# OversightML Imagery IO API Design: Tiled Image Pyramid Access
This document presents the API design for OversightML's low-level access to large tiled image pyramids. The API combines concepts from the National Imagery Transmission Format (NITF) specification with ideas from SpatioTemporal Asset Catalogs (STAC) to provide a framework for geospatial imagery access.
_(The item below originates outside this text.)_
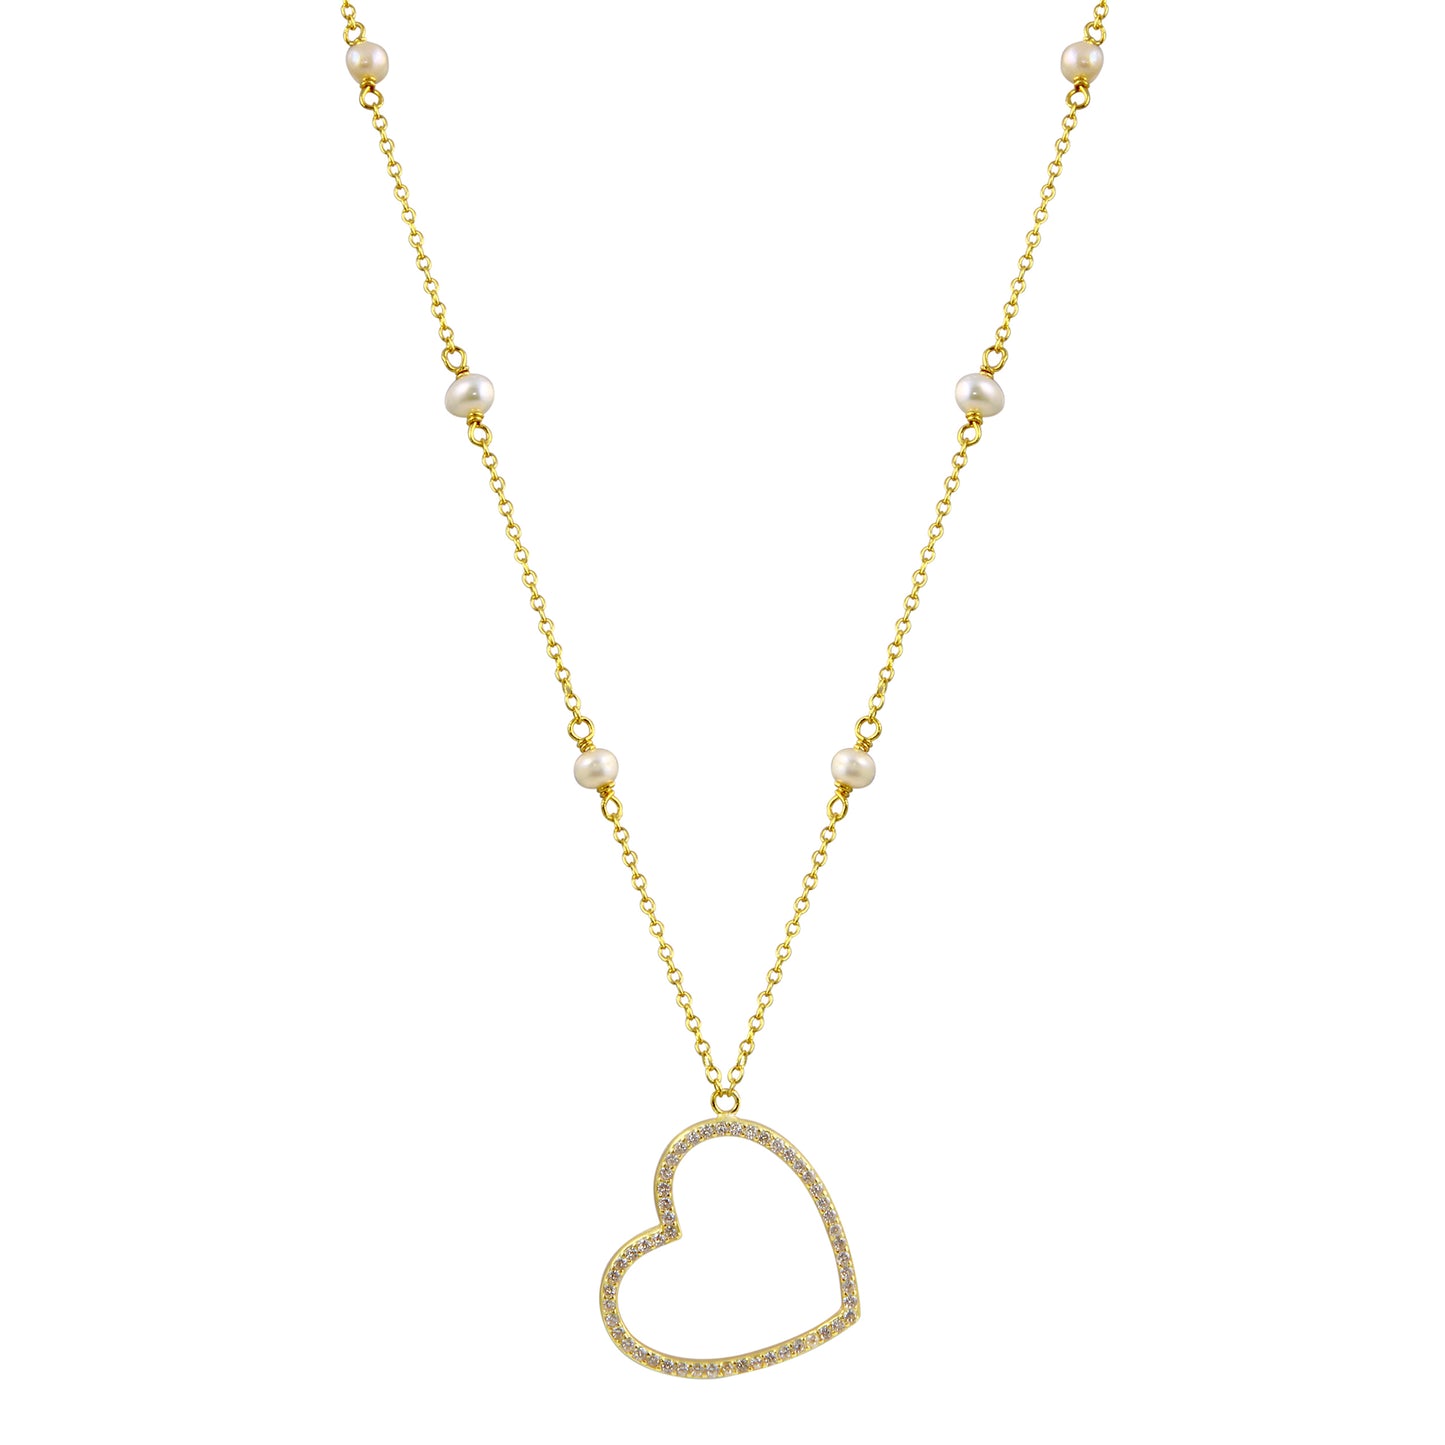 Pave Big Heart Pearls chain Necklace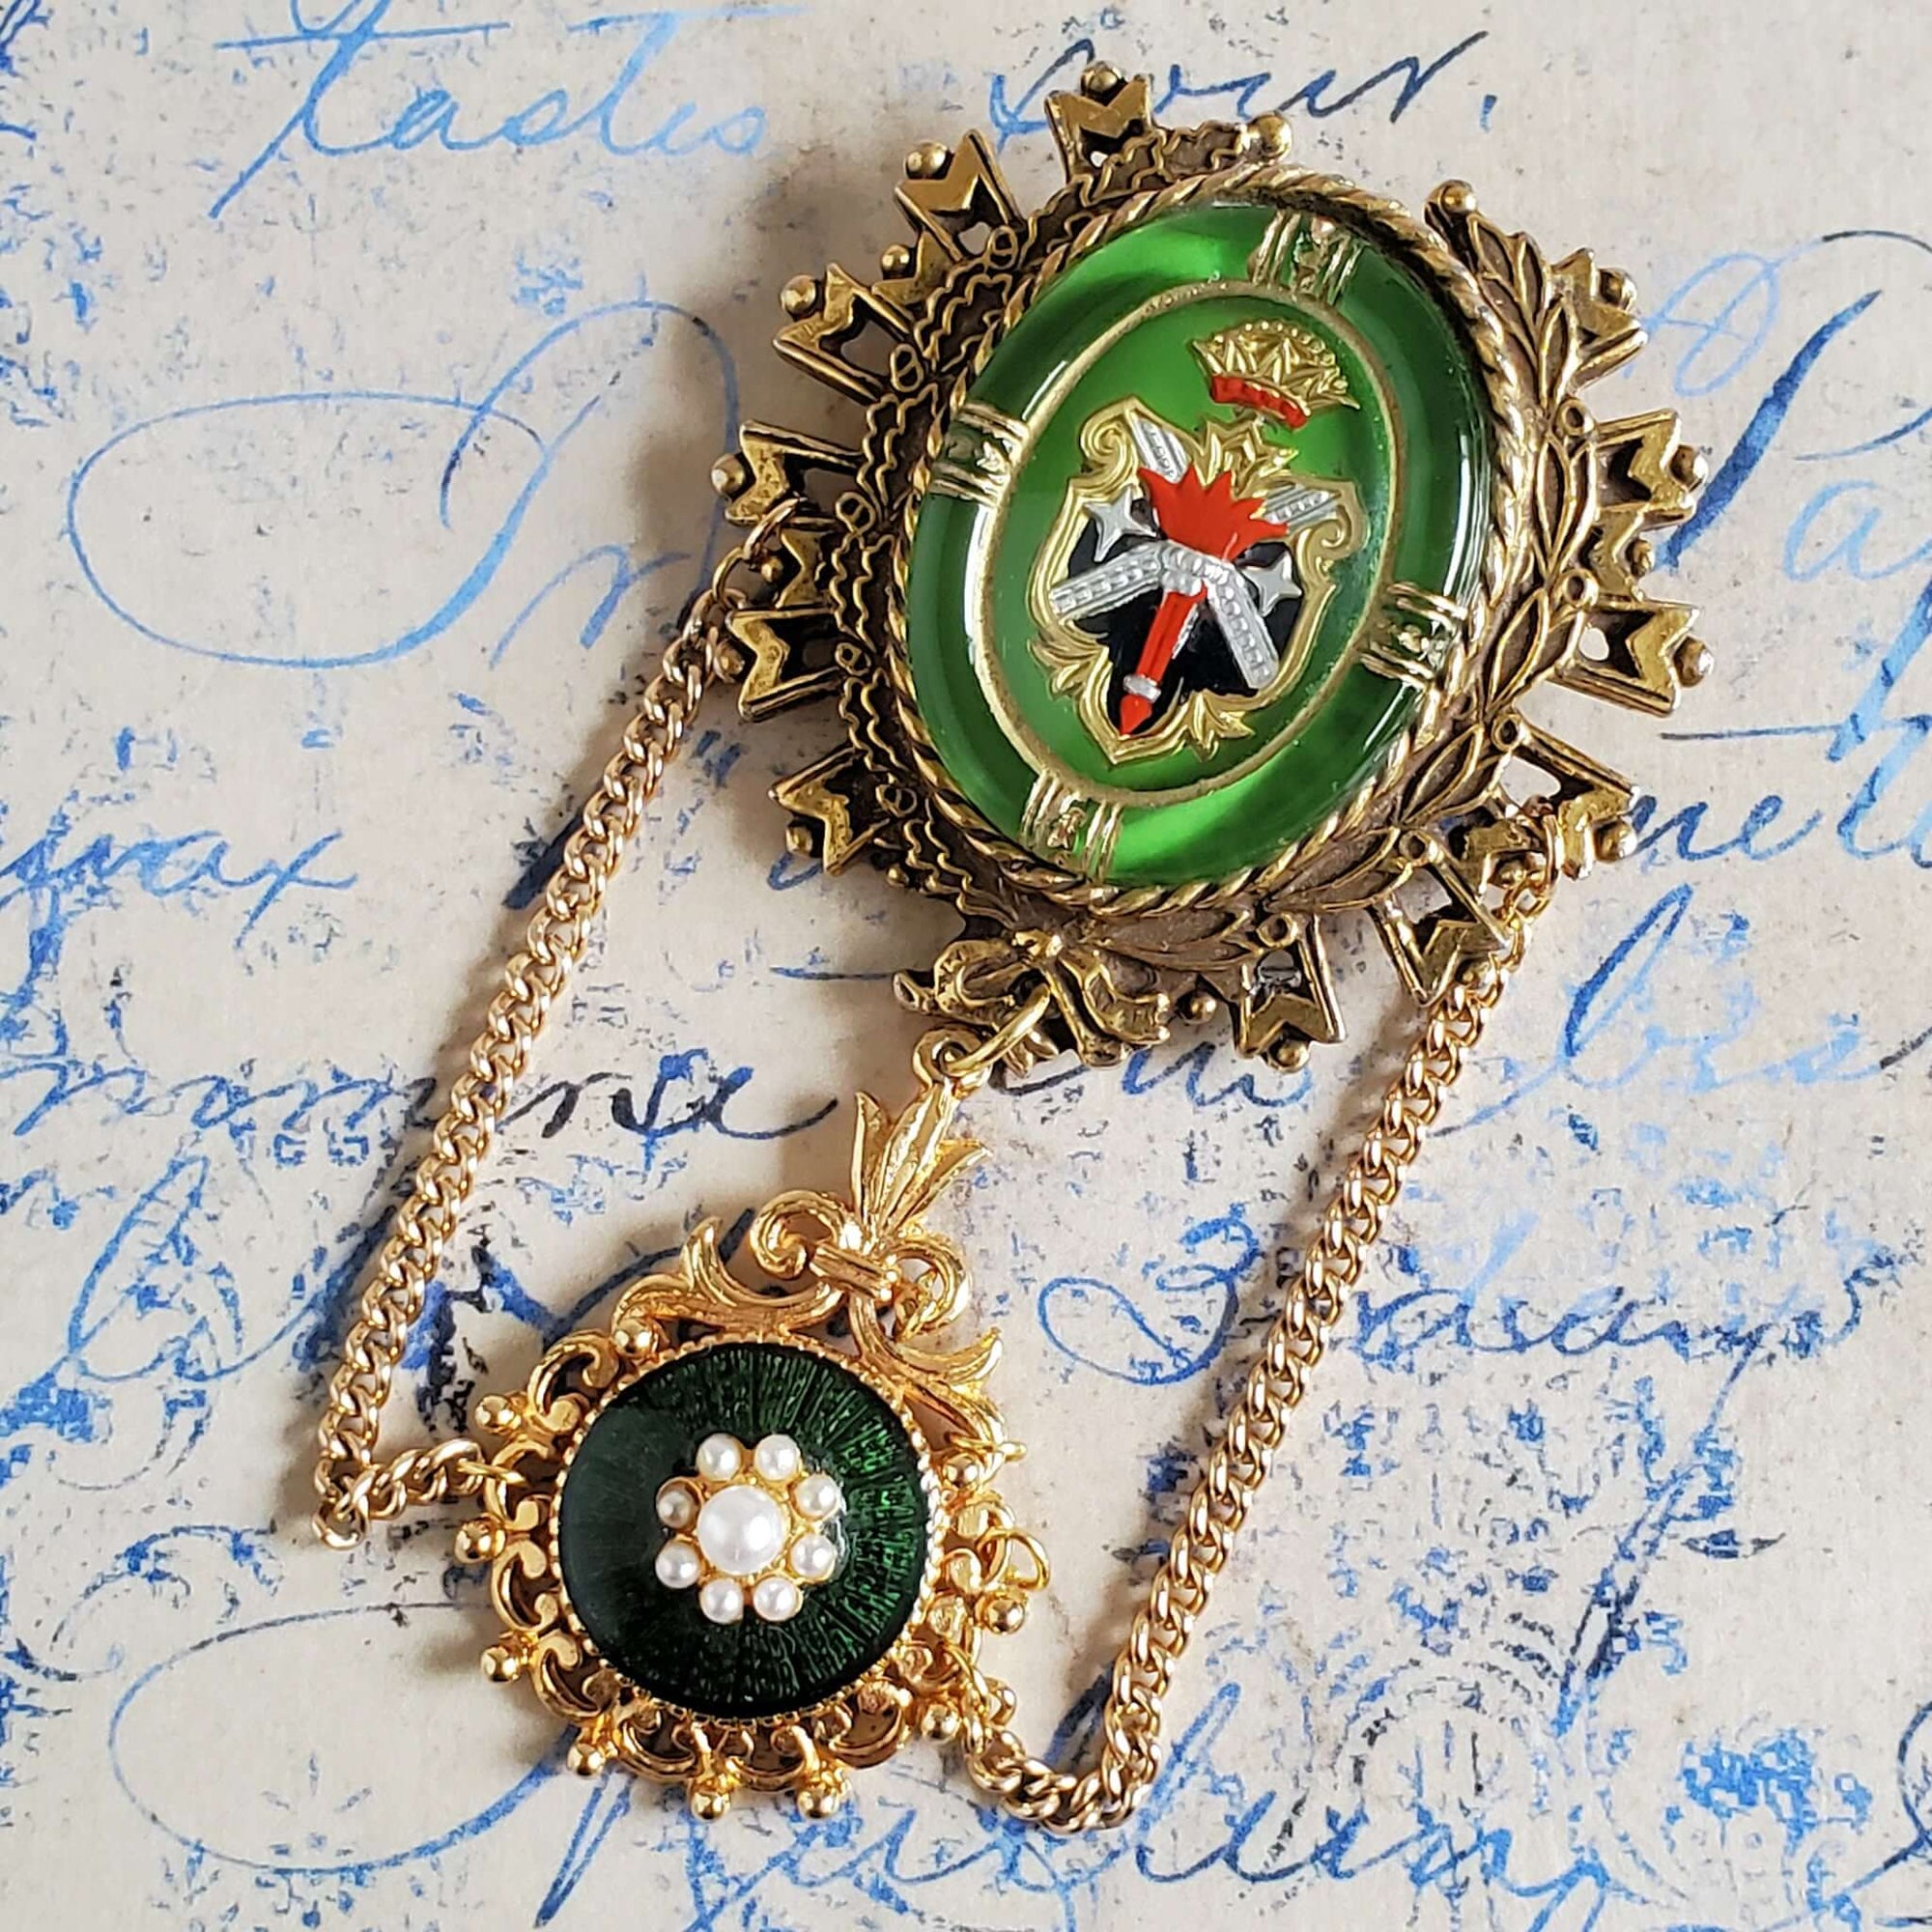 Dual Green Pendant Brooch with Chains

For usage examples and practical guidance, see the [User Guide](../user-guide/index.md).
## Overview
## Core API Structure
The API models **Datasets** as collections of related assets (images, graphics, text, data), each with its own metadata. Assets are accessed by string keys rather than numeric indices, enabling discovery and categorization while remaining flexible enough to represent format-specific data models like the Joint BIIF Profile (JBP).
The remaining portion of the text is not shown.